What the exercise asks
Reproduce every line of the material below, but drop the pictures.

Raw data
────────────────

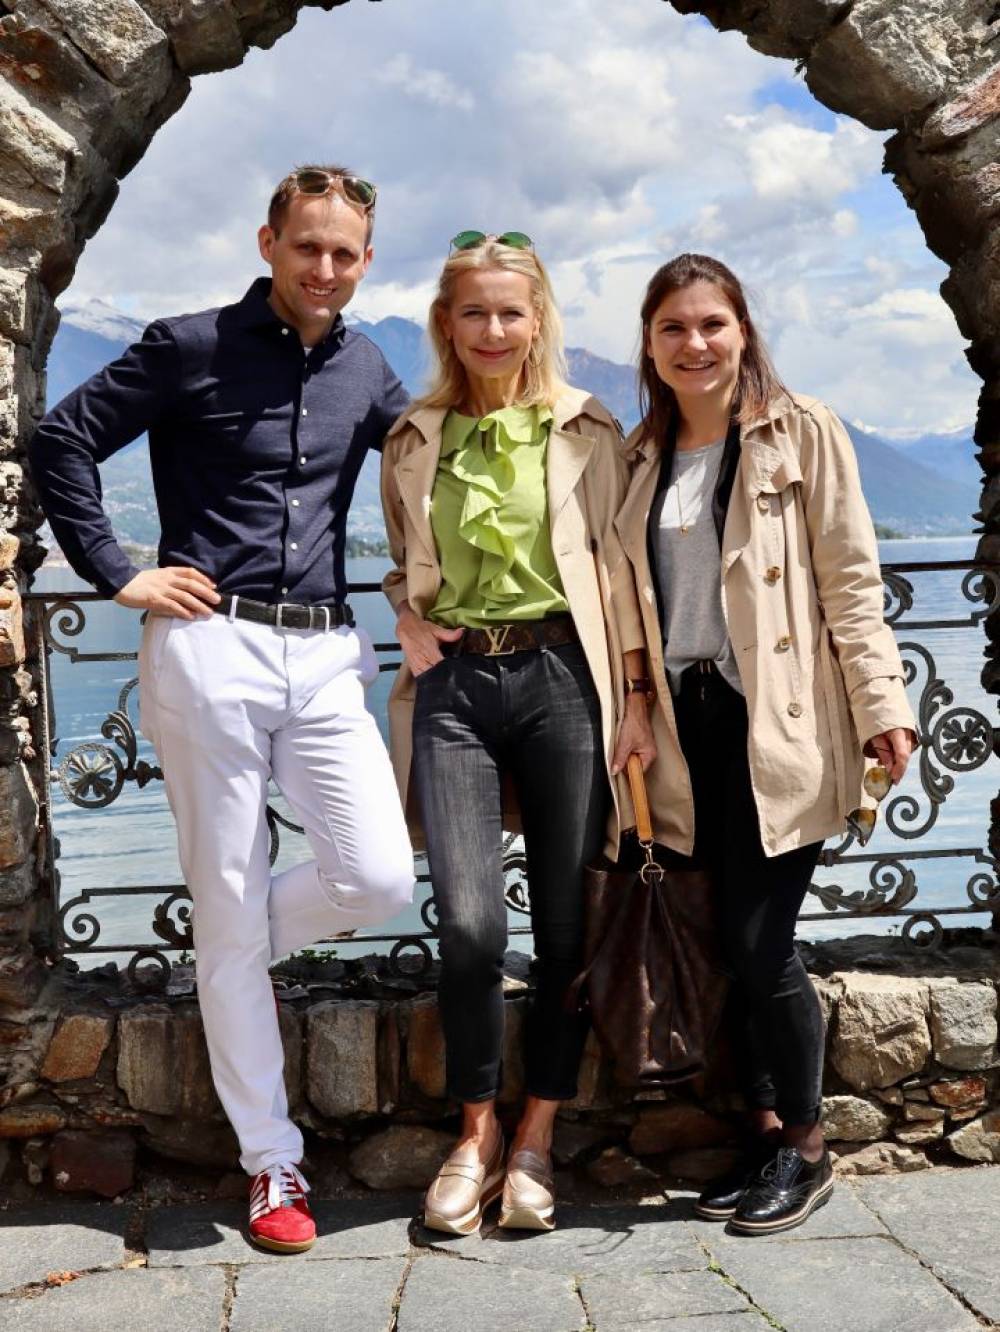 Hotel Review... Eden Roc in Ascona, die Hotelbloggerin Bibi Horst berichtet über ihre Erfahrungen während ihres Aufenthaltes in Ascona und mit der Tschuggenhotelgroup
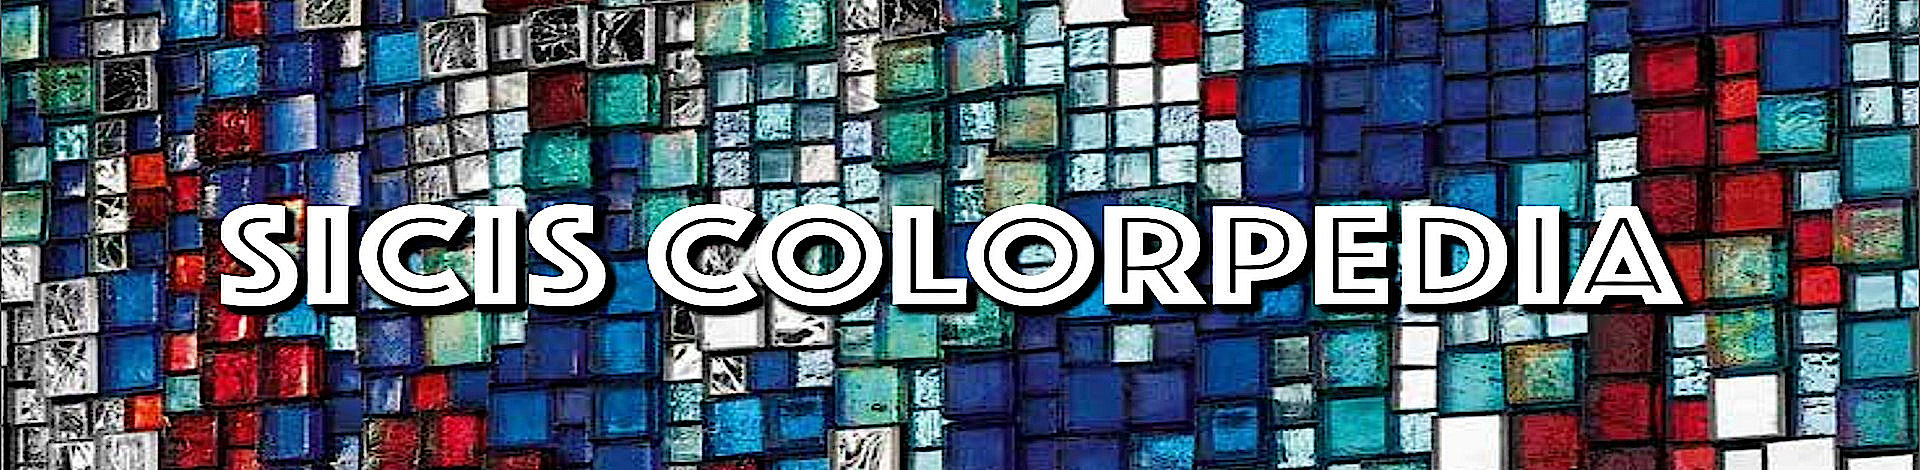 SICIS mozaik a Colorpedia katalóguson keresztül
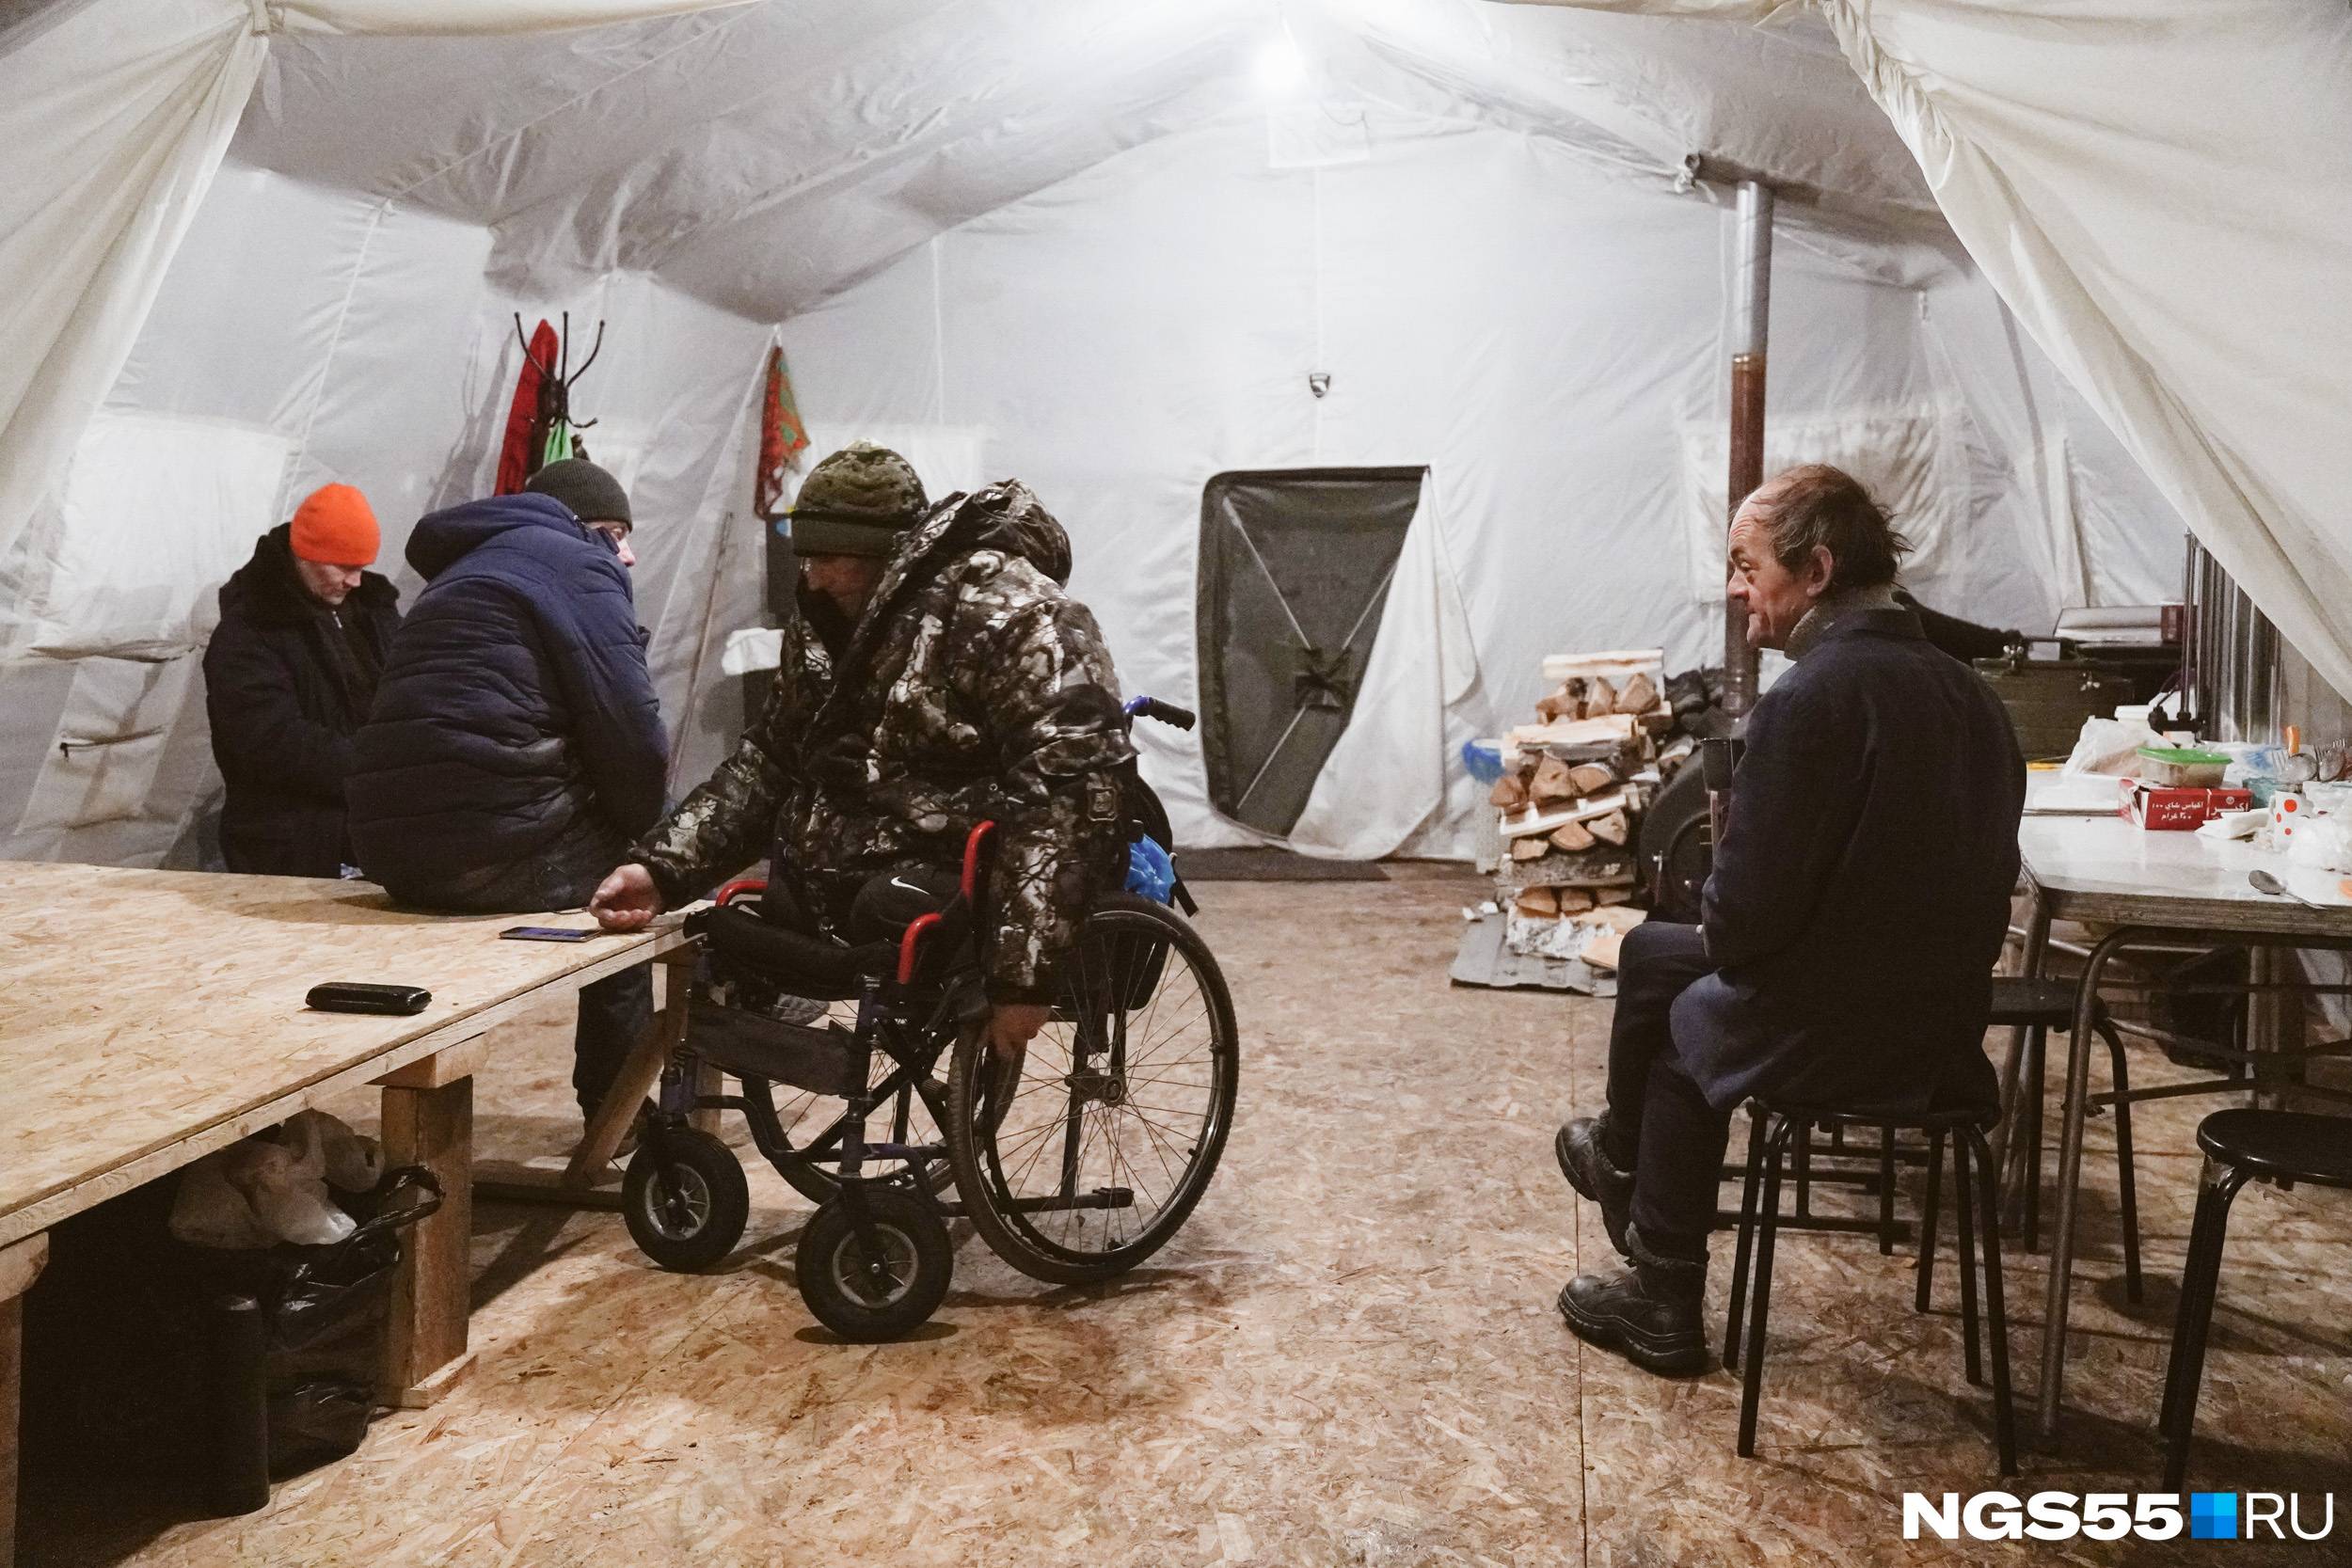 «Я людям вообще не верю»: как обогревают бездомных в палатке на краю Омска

────────────────

Output
 Hotel Review... Eden Roc in Ascona, die Hotelbloggerin Bibi Horst berichtet über ihre Erfahrungen während ihres Aufenthaltes in Ascona und mit der Tschuggenhotelgroup
 SICIS mozaik a Colorpedia katalóguson keresztül
 «Я людям вообще не верю»: как обогревают бездомных в палатке на краю Омска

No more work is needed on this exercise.